Supplied data START

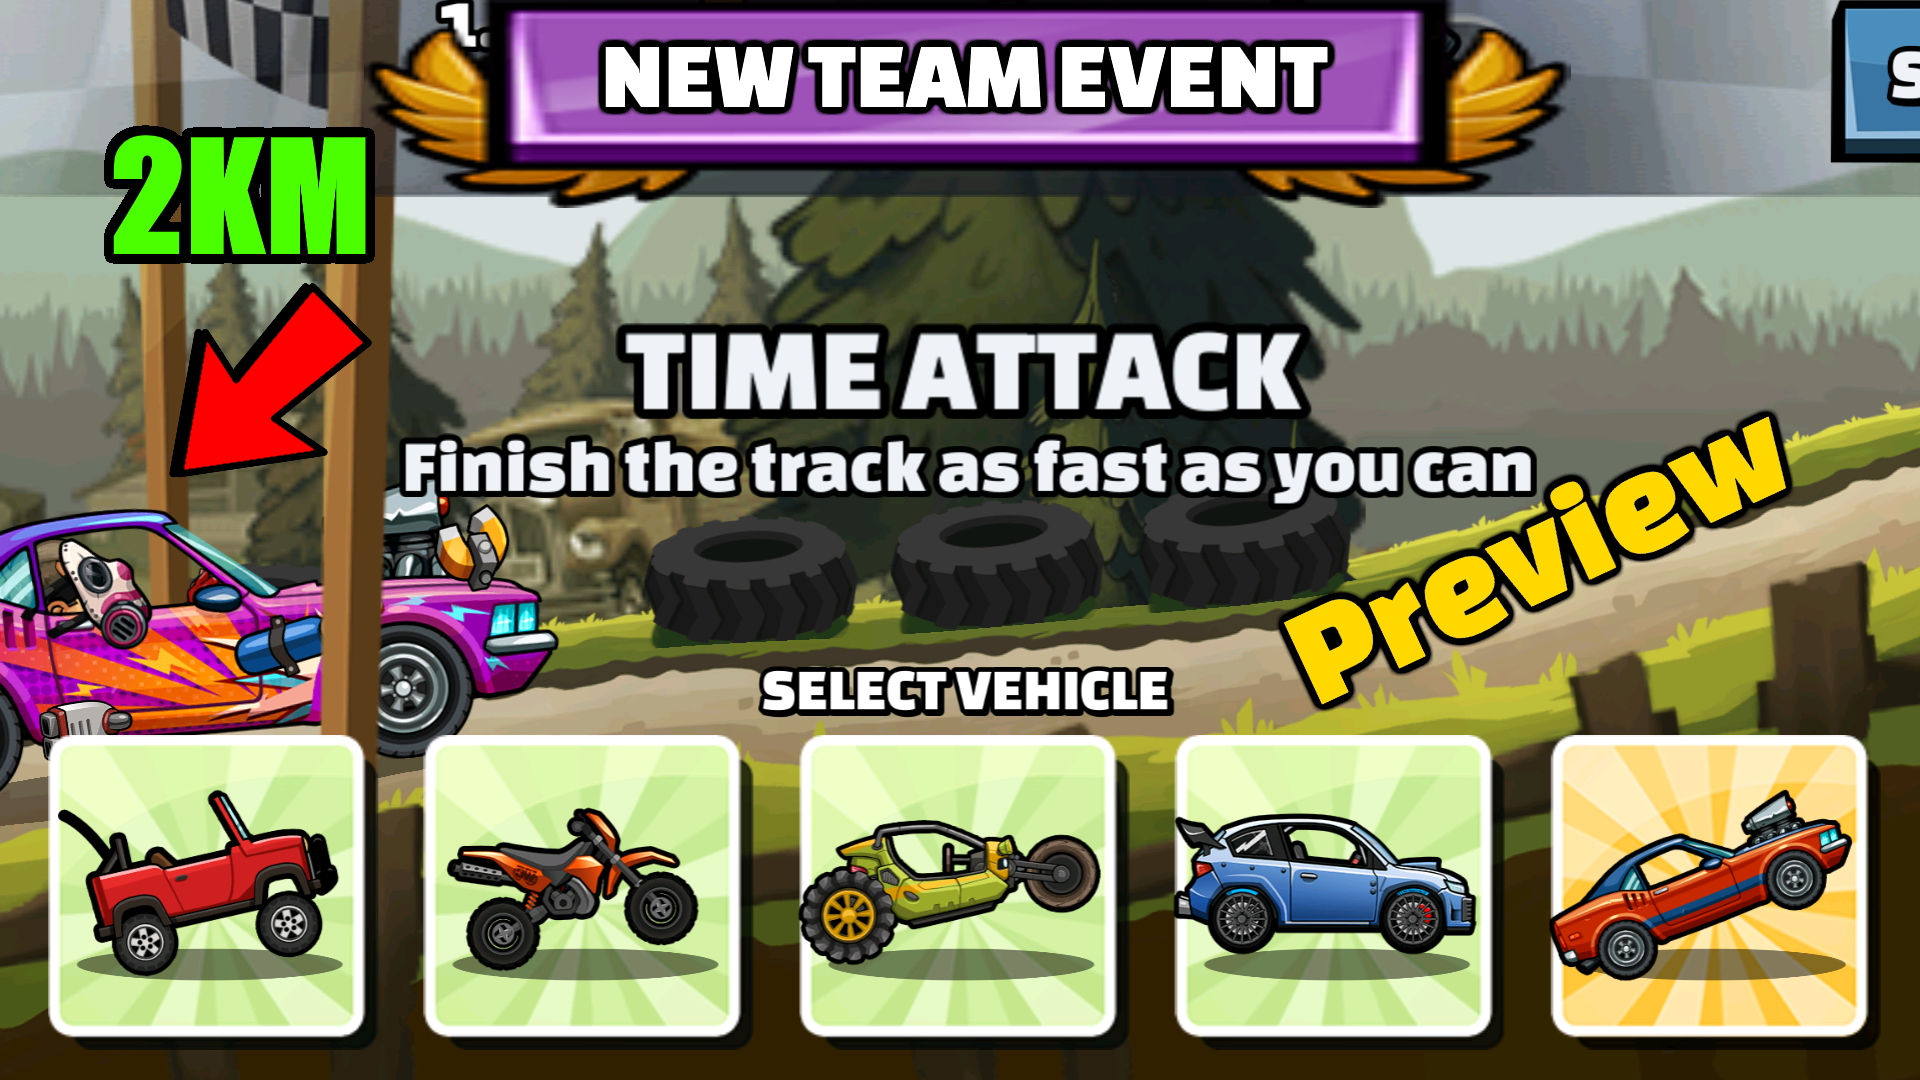 Hill Climb Racing 2 - New Team Event (Just Wing It), Vokope
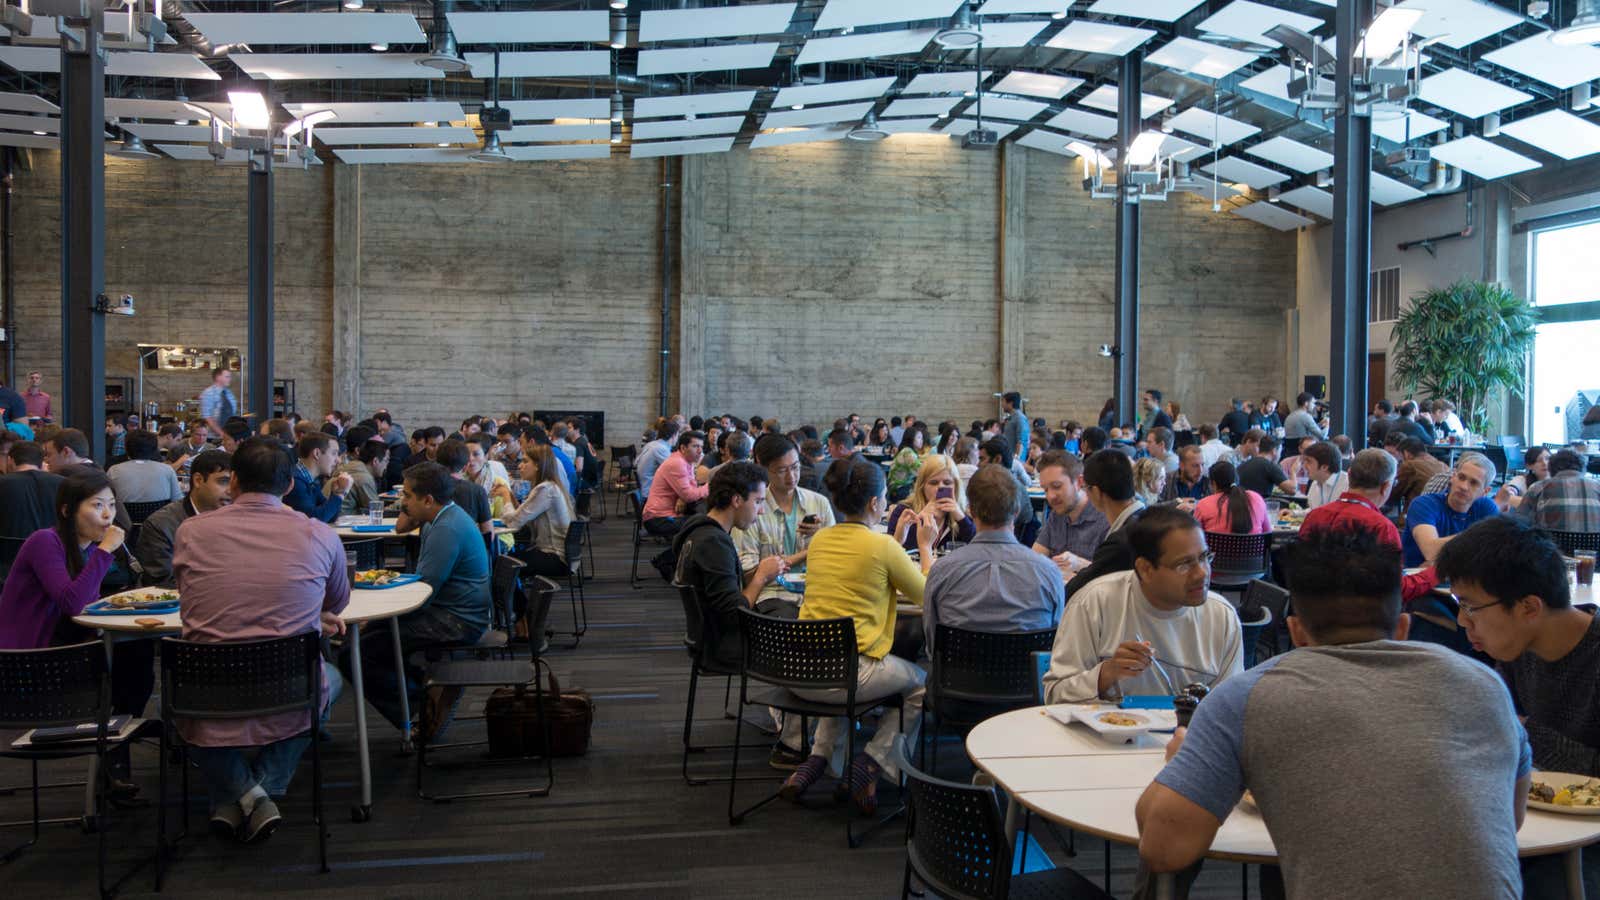 The cafeteria at Twitter’s new headquarters.
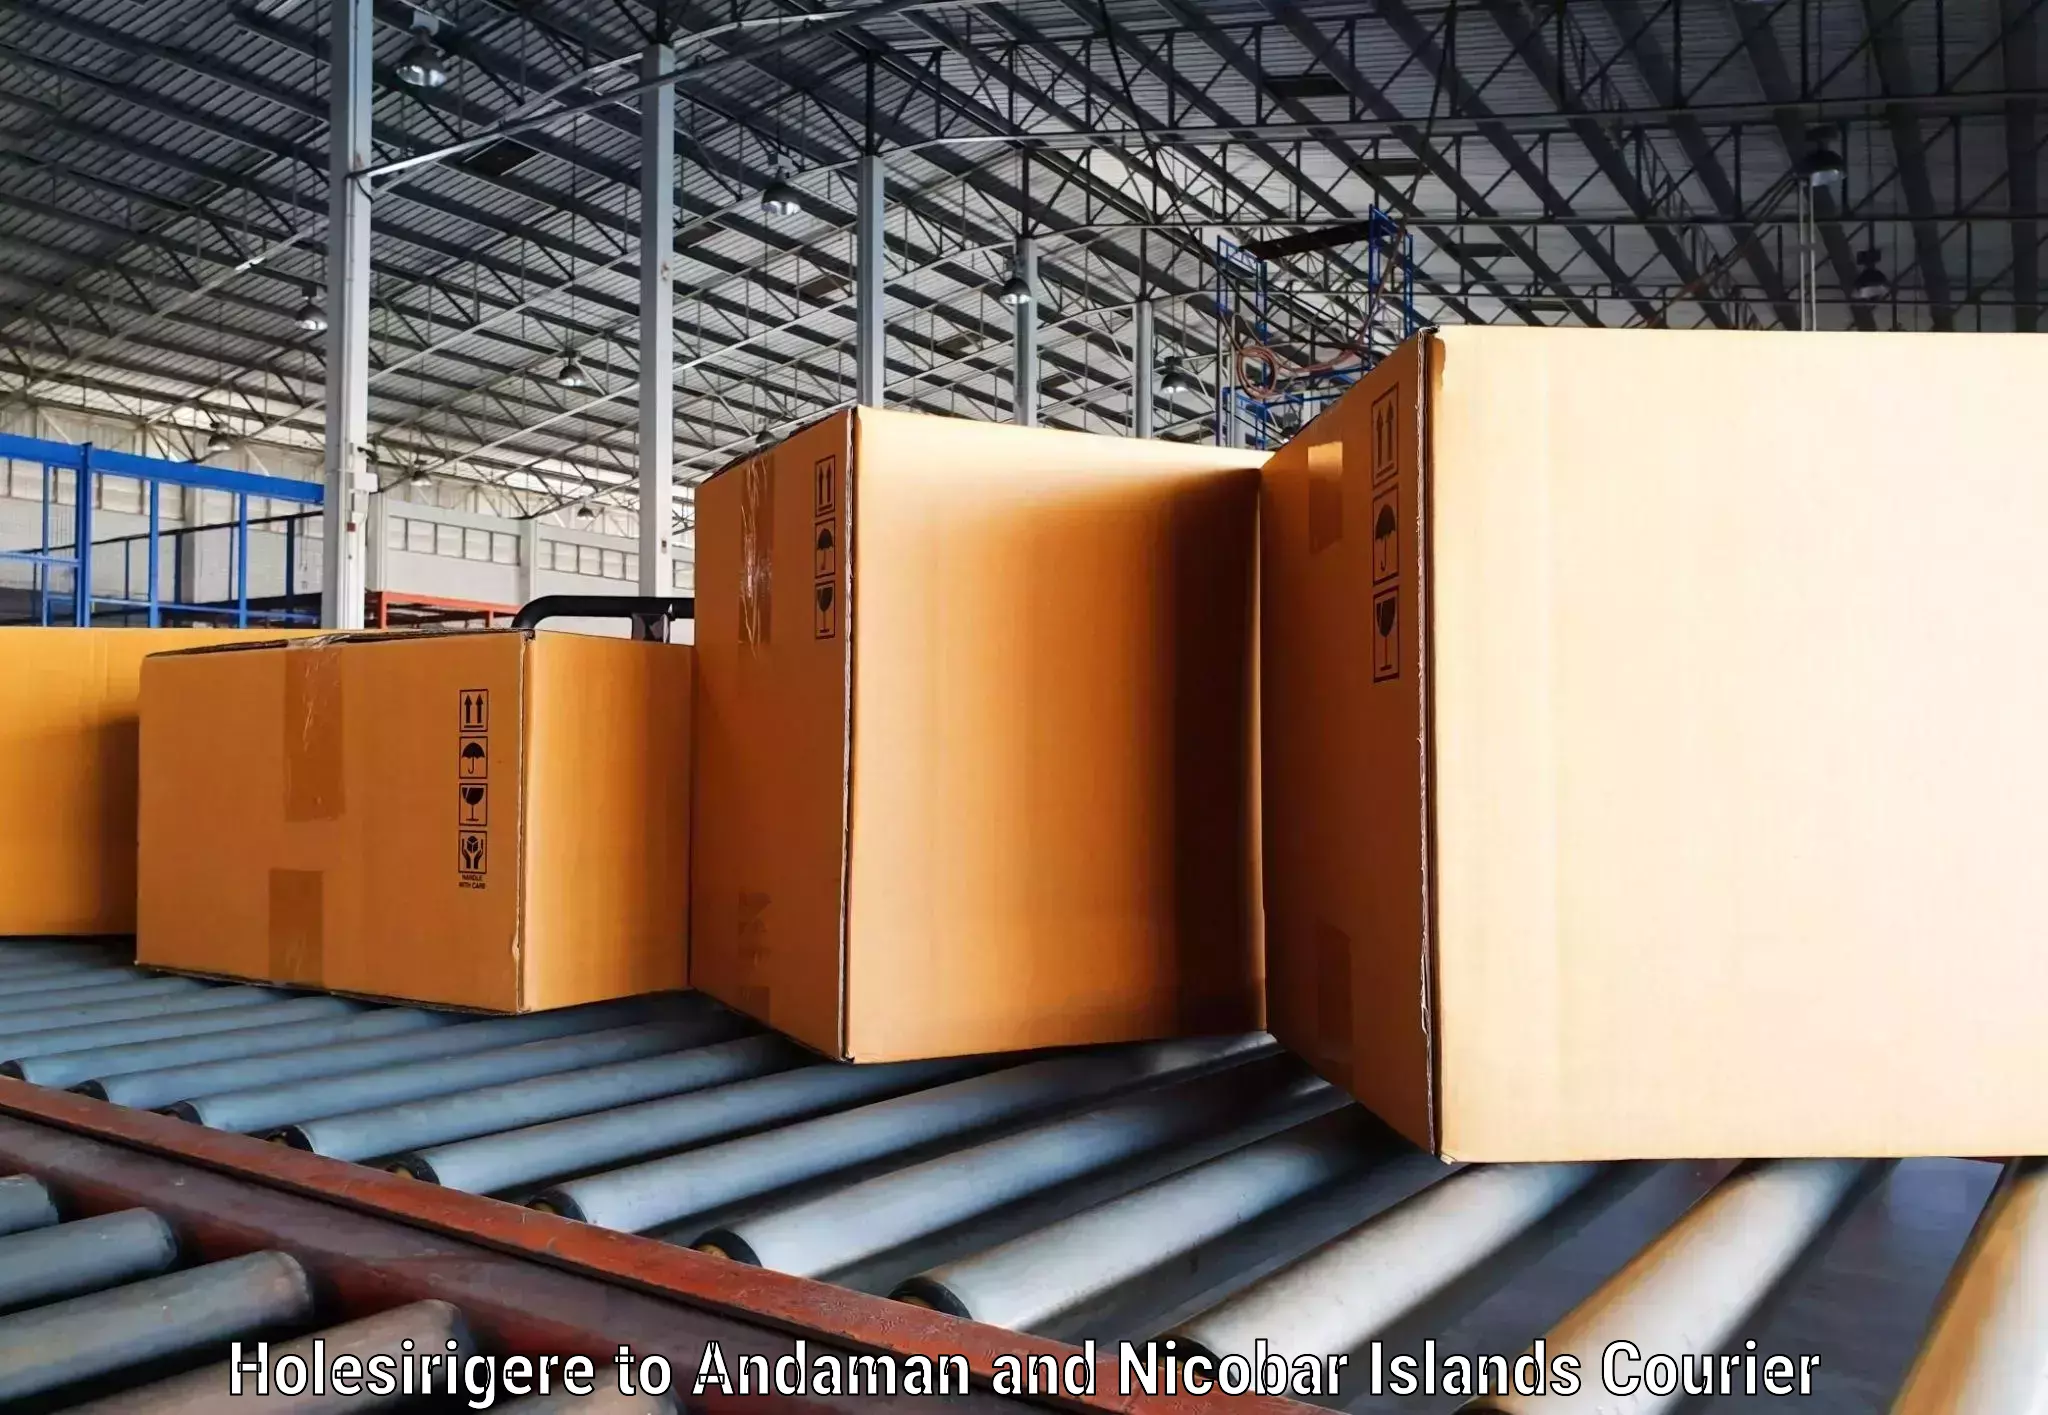 Efficient shipping platforms in Holesirigere to Andaman and Nicobar Islands

Supplied data END

#### Exercise brief
For this task, give the full listing again verbatim and keep out every picture.

#### Solution to the exercise
 Hill Climb Racing 2 - New Team Event (Just Wing It), Vokope
 The cafeteria at Twitter’s new headquarters.
 Efficient shipping platforms in Holesirigere to Andaman and Nicobar Islands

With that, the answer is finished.